■ **Data below**
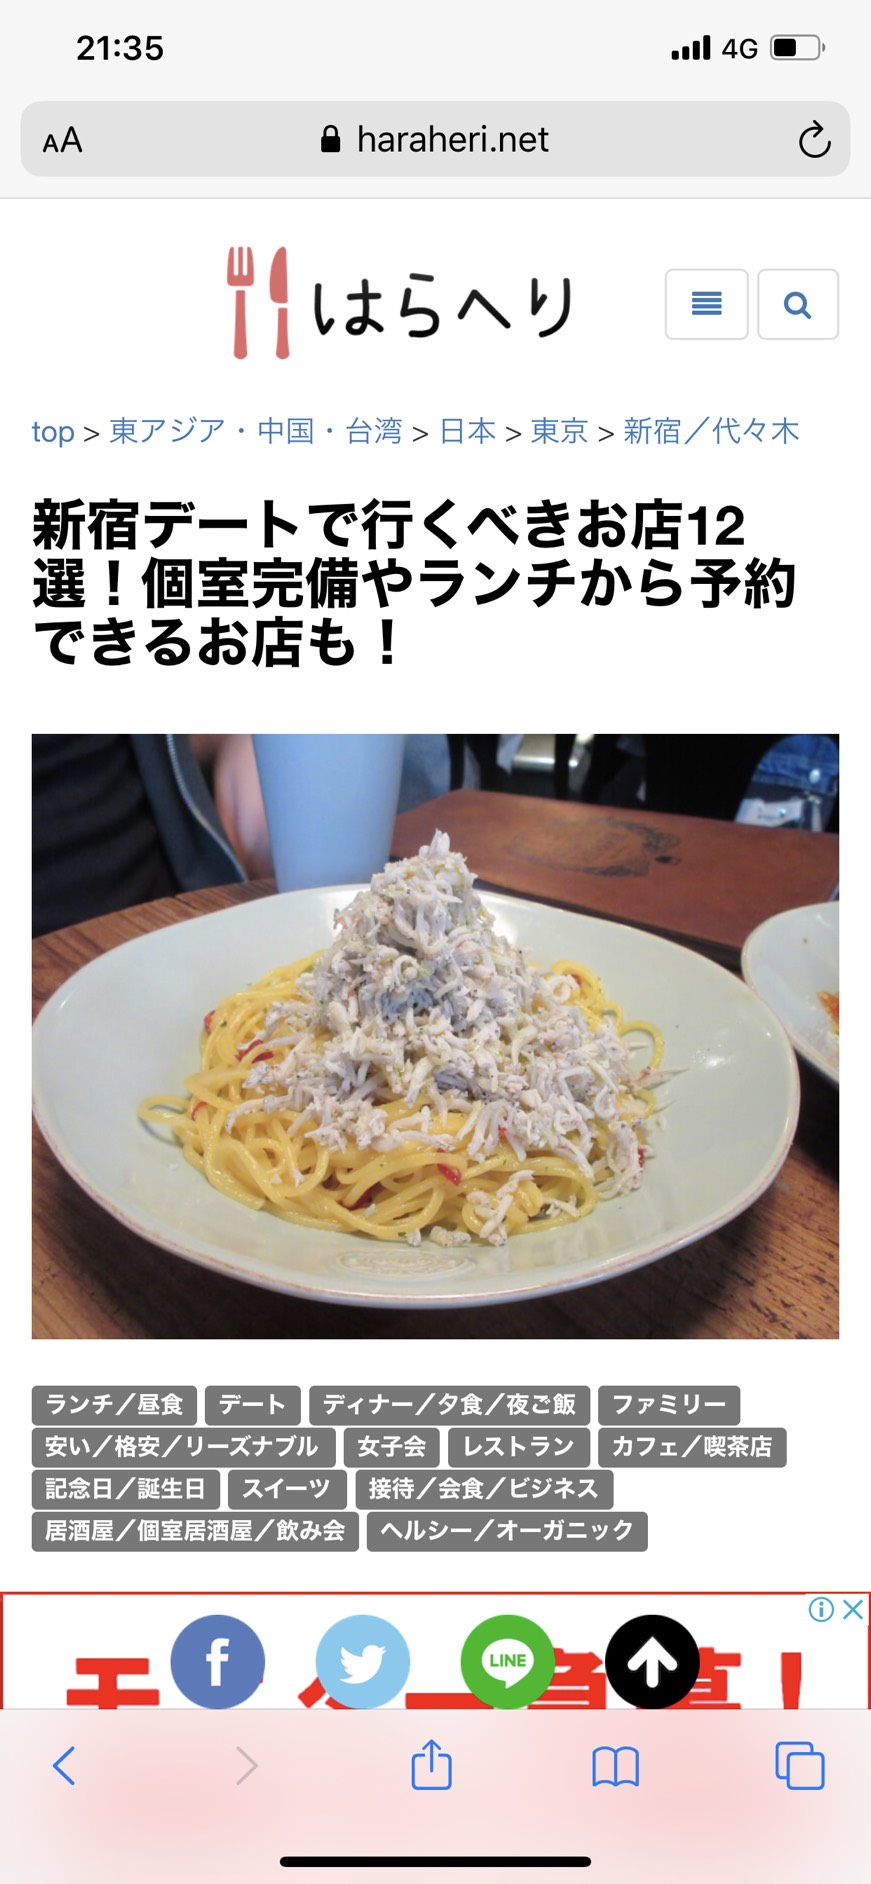 本日もディナー予約可能 新宿クイントで 本格イタリアン を ディナー予約も再開中 東京食彩株式会社
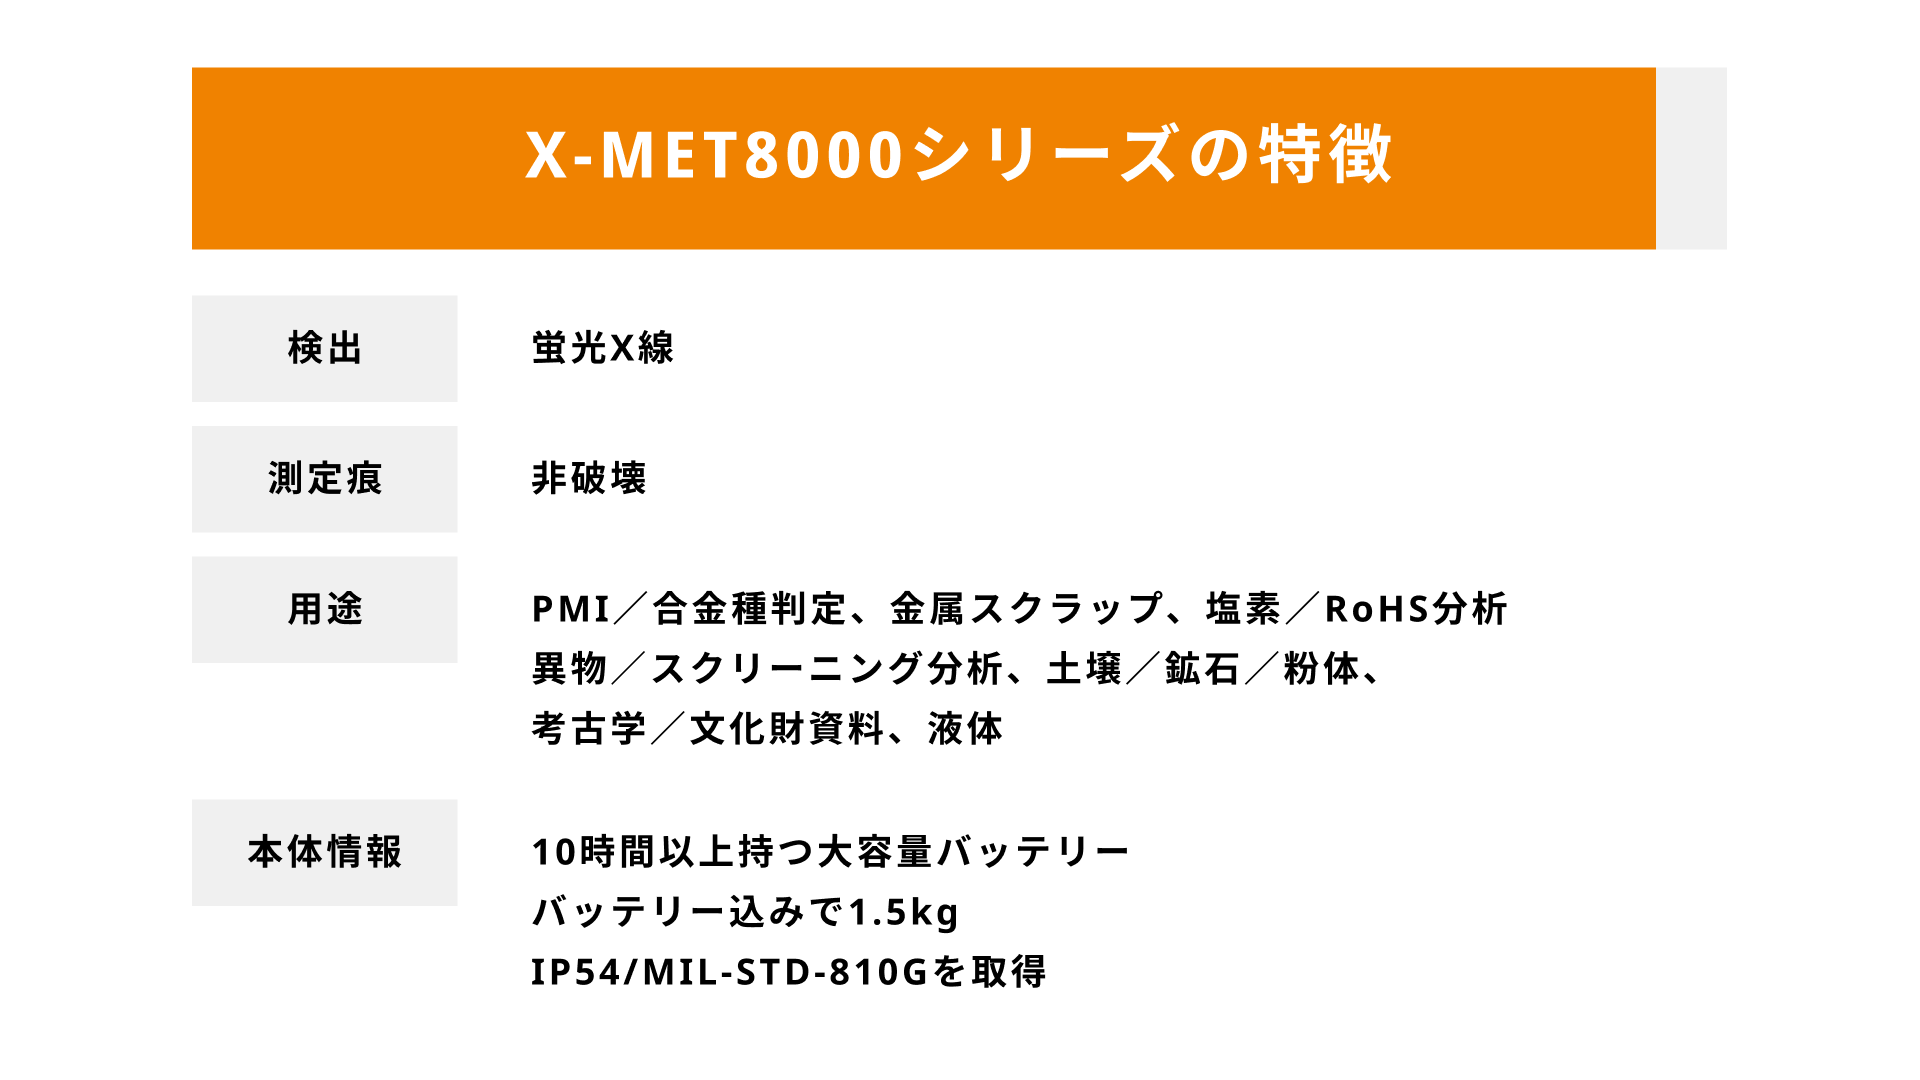 【スライド】片手で持てる 金属/樹脂 分析装置「X-MET8000 / VULCANシリーズ」
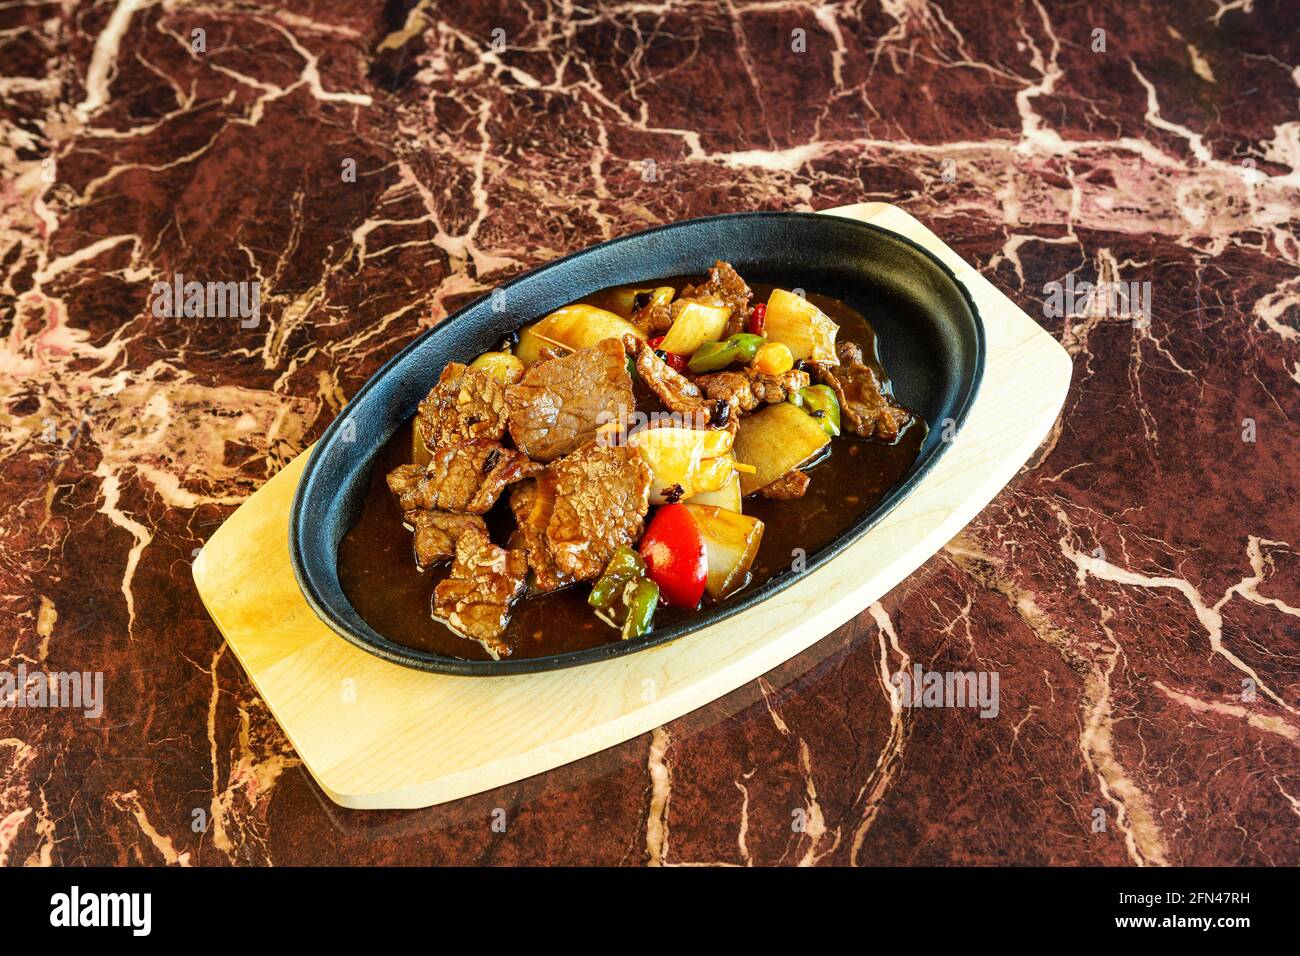 Asiatisches Rindfleischgericht mit herzhafter Sauce und etwas Gemüse, das auf einem heißen Teller unter einer marmorierten Oberfläche serviert wird. Stockfoto
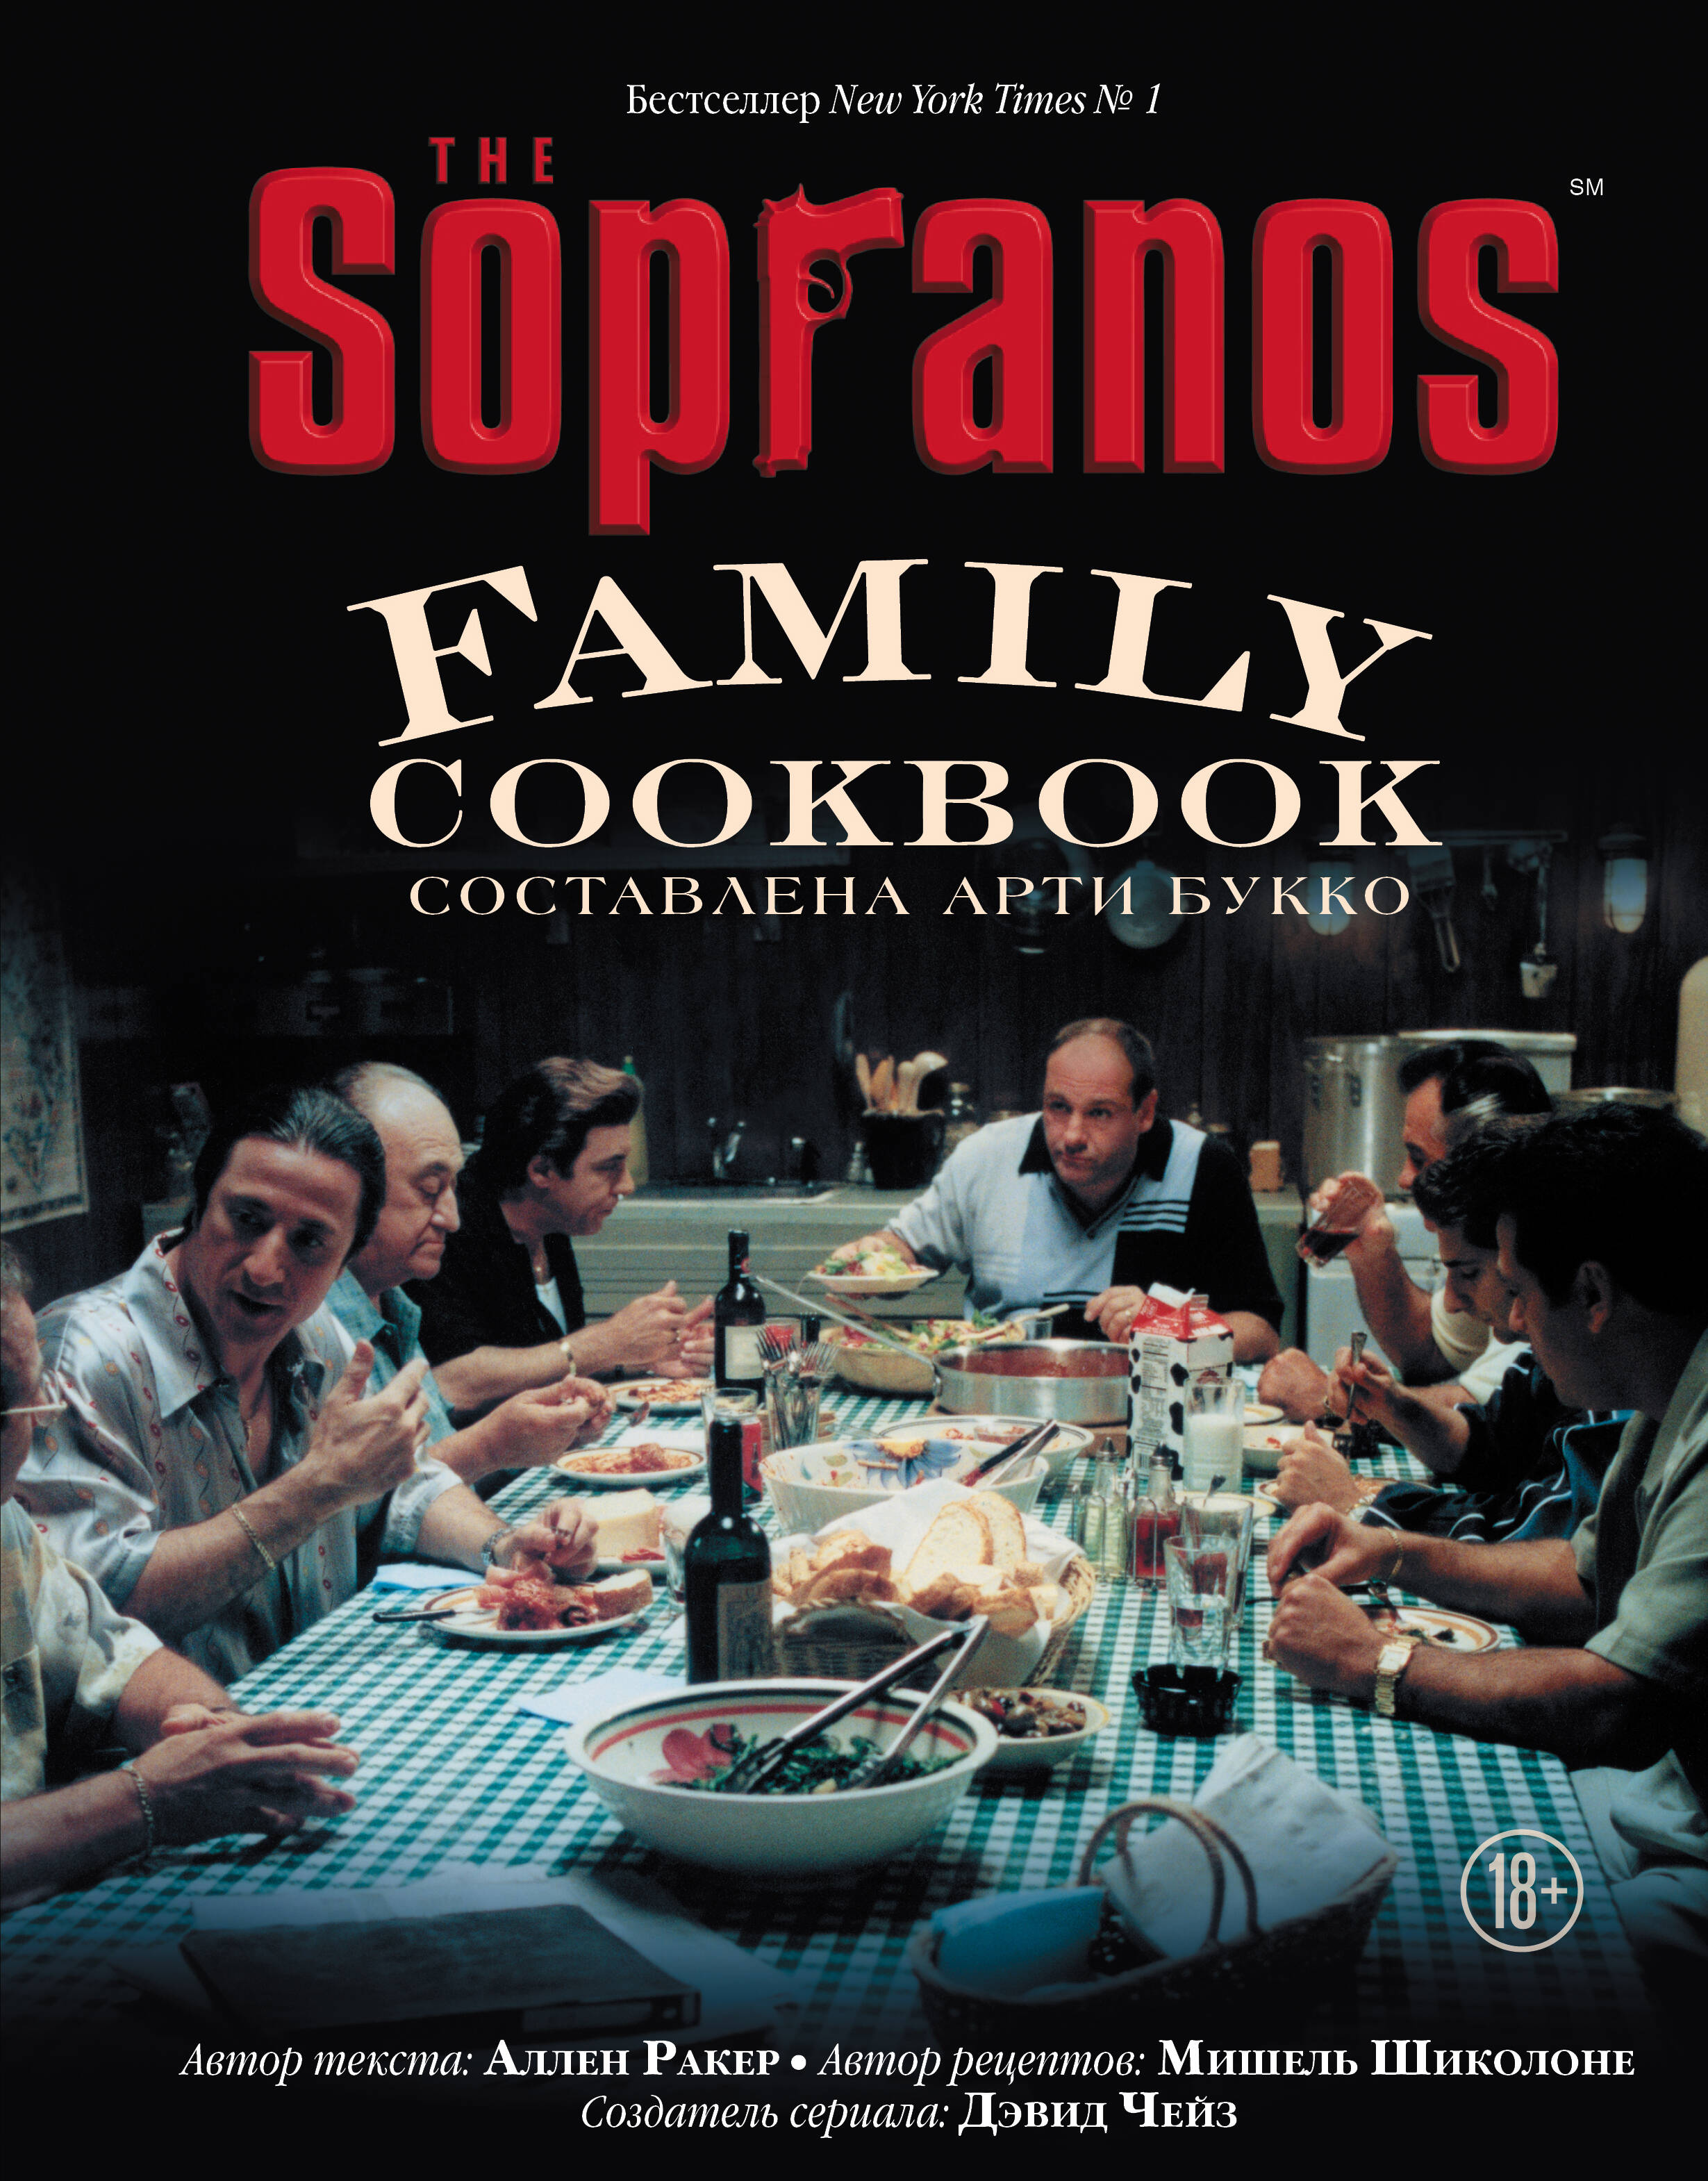 Букко Арти The Sopranos Family Cookbook

■ **Assigned task**
While leaving pictures out, reproduce exactly the lines from the beginning of the listing above through the line containing "Asiatisches Rindfleischgericht mit", both ends included.

■ **Answer for the task**
 本日もディナー予約可能 新宿クイントで 本格イタリアン を ディナー予約も再開中 東京食彩株式会社
 【スライド】片手で持てる 金属/樹脂 分析装置「X-MET8000 / VULCANシリーズ」
 Asiatisches Rindfleischgericht mit herzhafter Sauce und etwas Gemüse, das auf einem heißen Teller unter einer marmorierten Oberfläche serviert wird. Stockfoto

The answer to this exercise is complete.